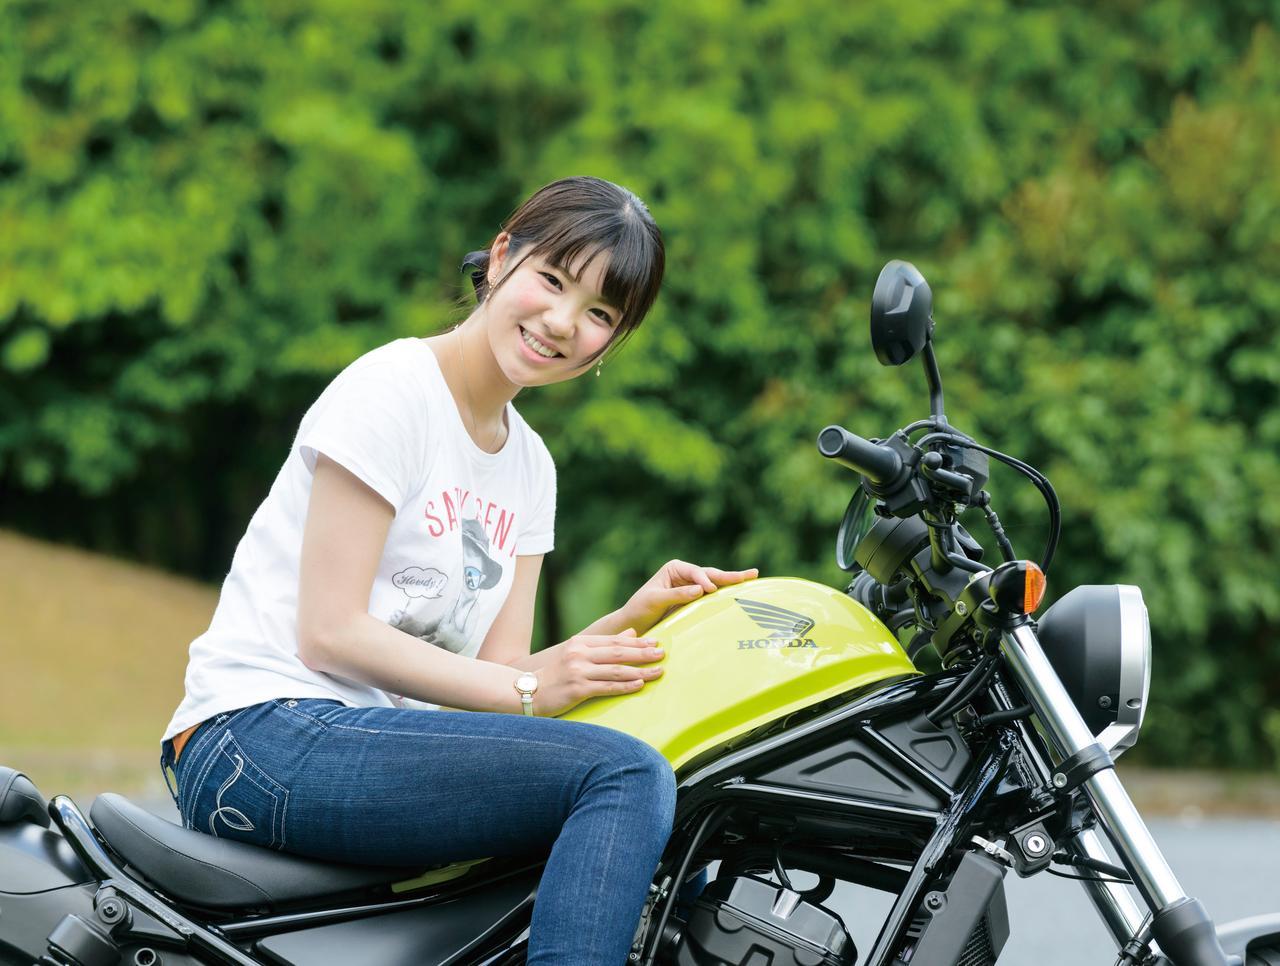 honda 250 japan bike of the year 2017 web. Black Bedroom Furniture Sets. Home Design Ideas
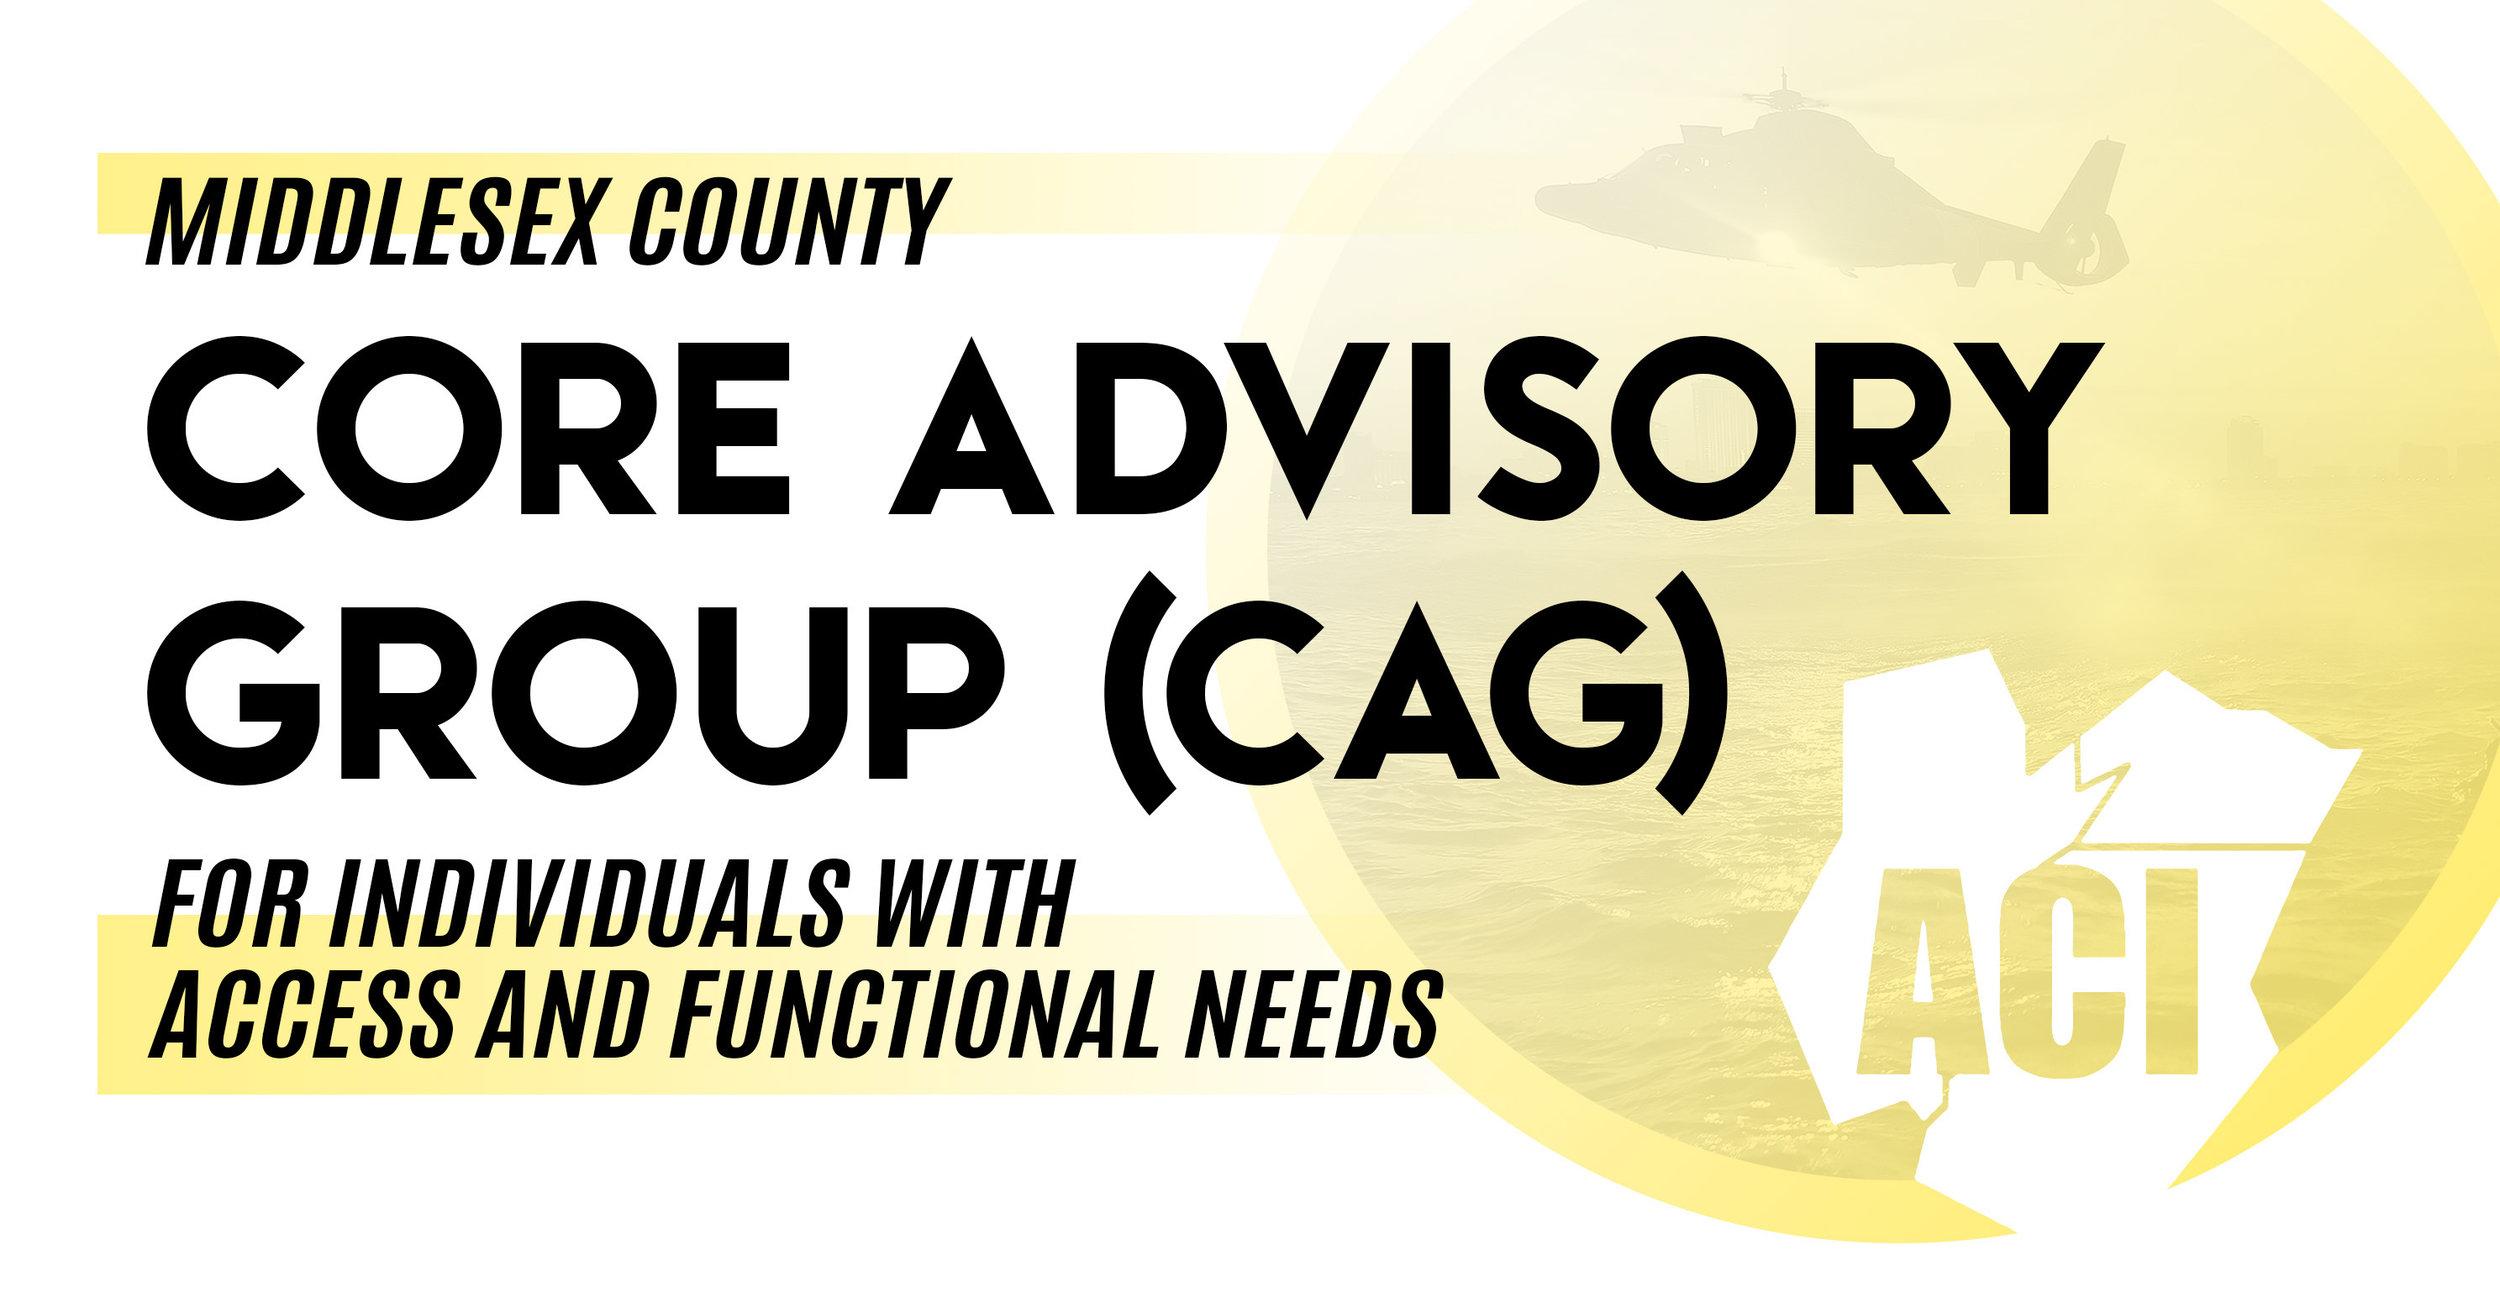 core advisory group cag meeting
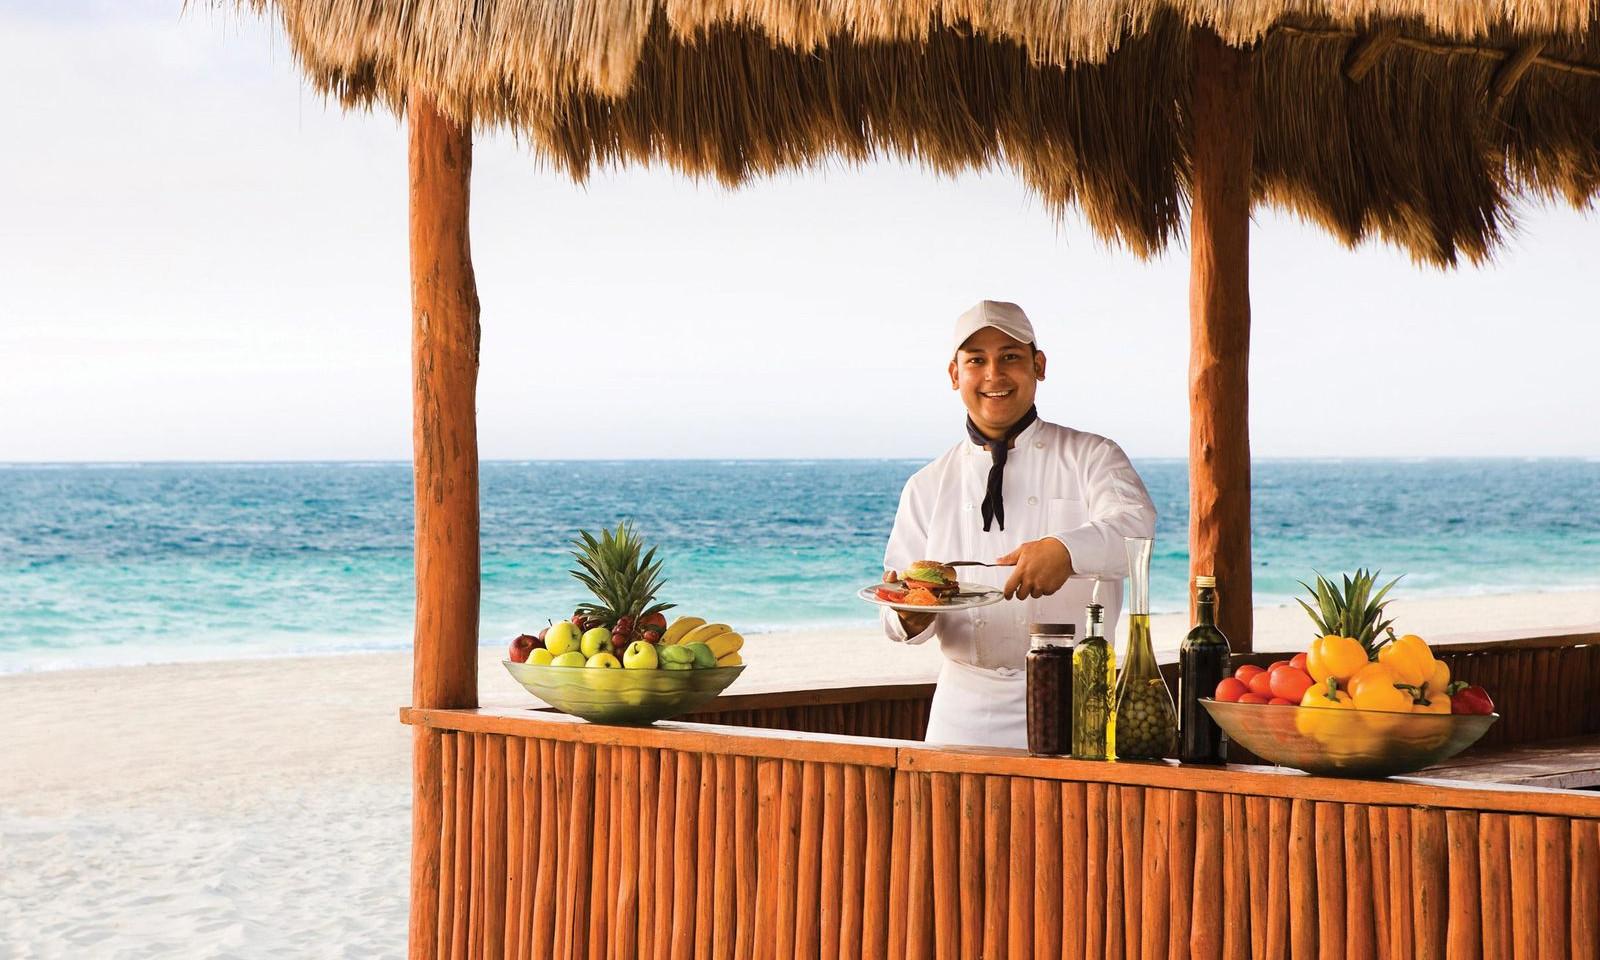 cancun-bars-beachfront.jpg
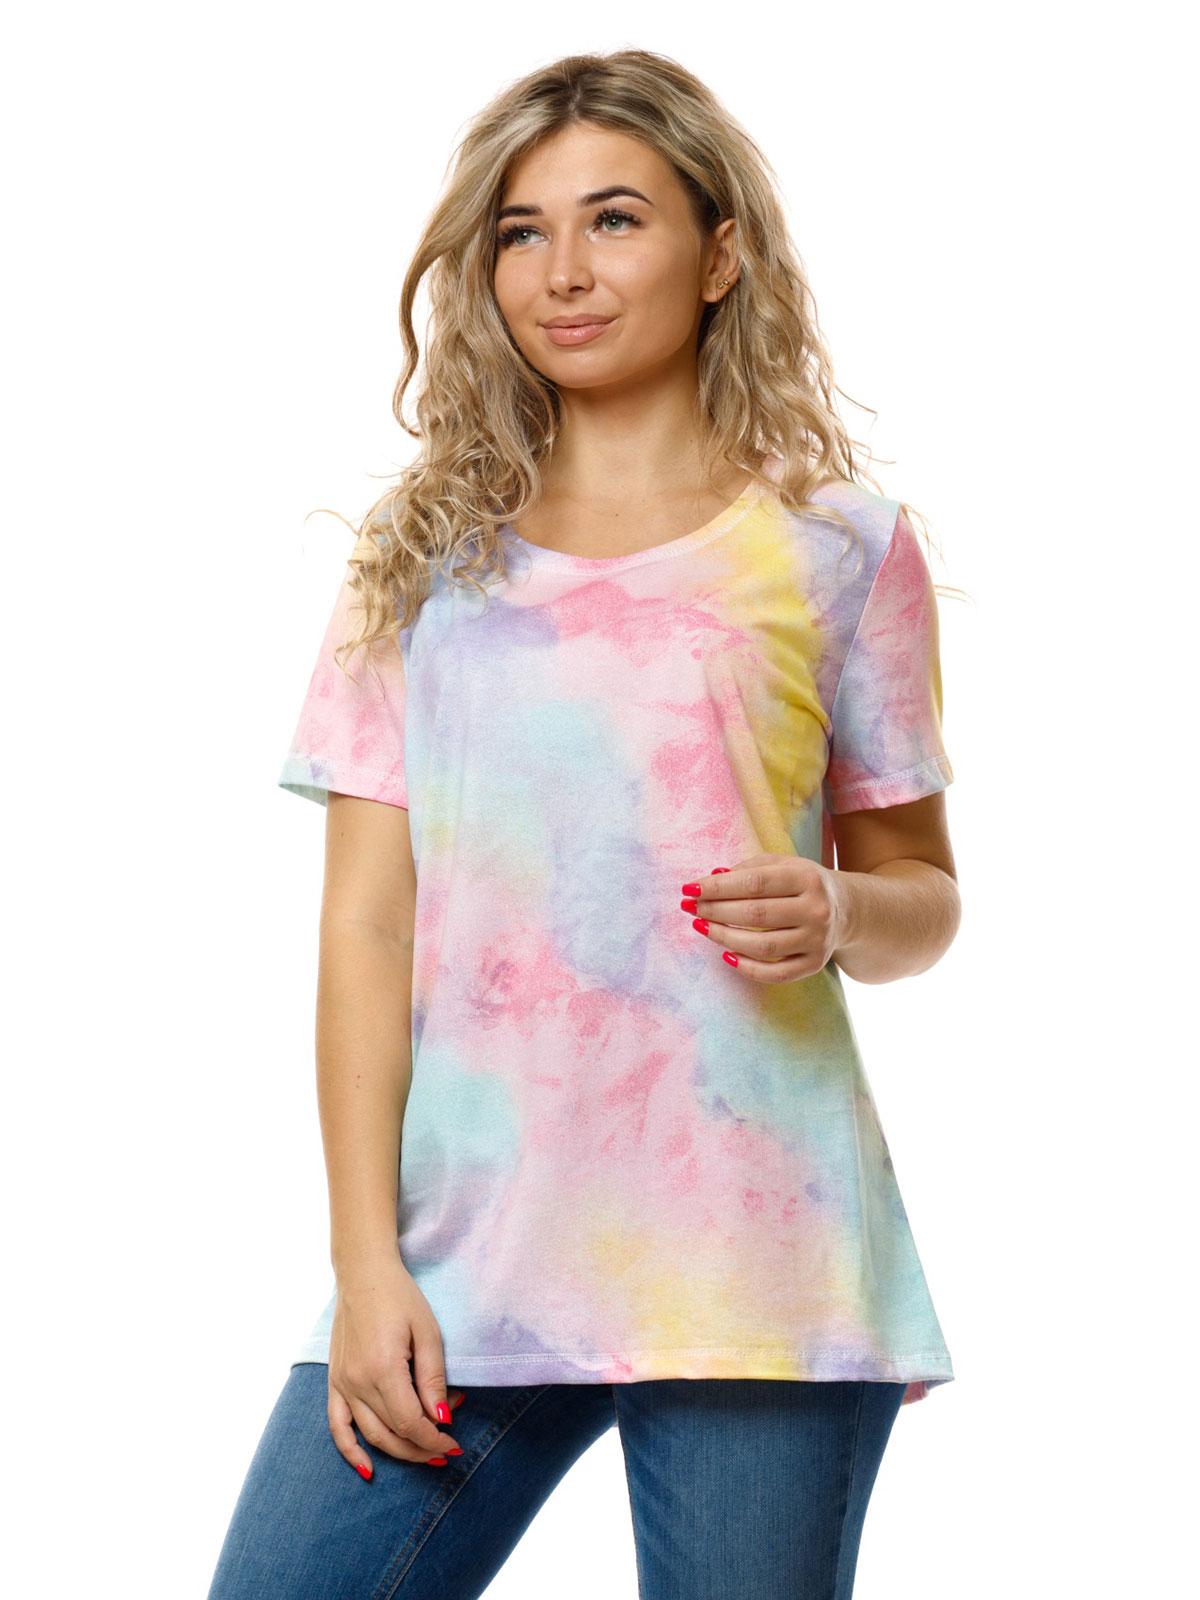 Жен. футболка арт. 16-0853 Бирюзовый р. 50

Exercise description:
The lines to copy run from the one with "core advisory group cag meeting" through the end of the material. Write them out exactly, leaving out the pictures.

Completed task:
 core advisory group cag meeting
 cancun-bars-beachfront.jpg
 Жен. футболка арт. 16-0853 Бирюзовый р. 50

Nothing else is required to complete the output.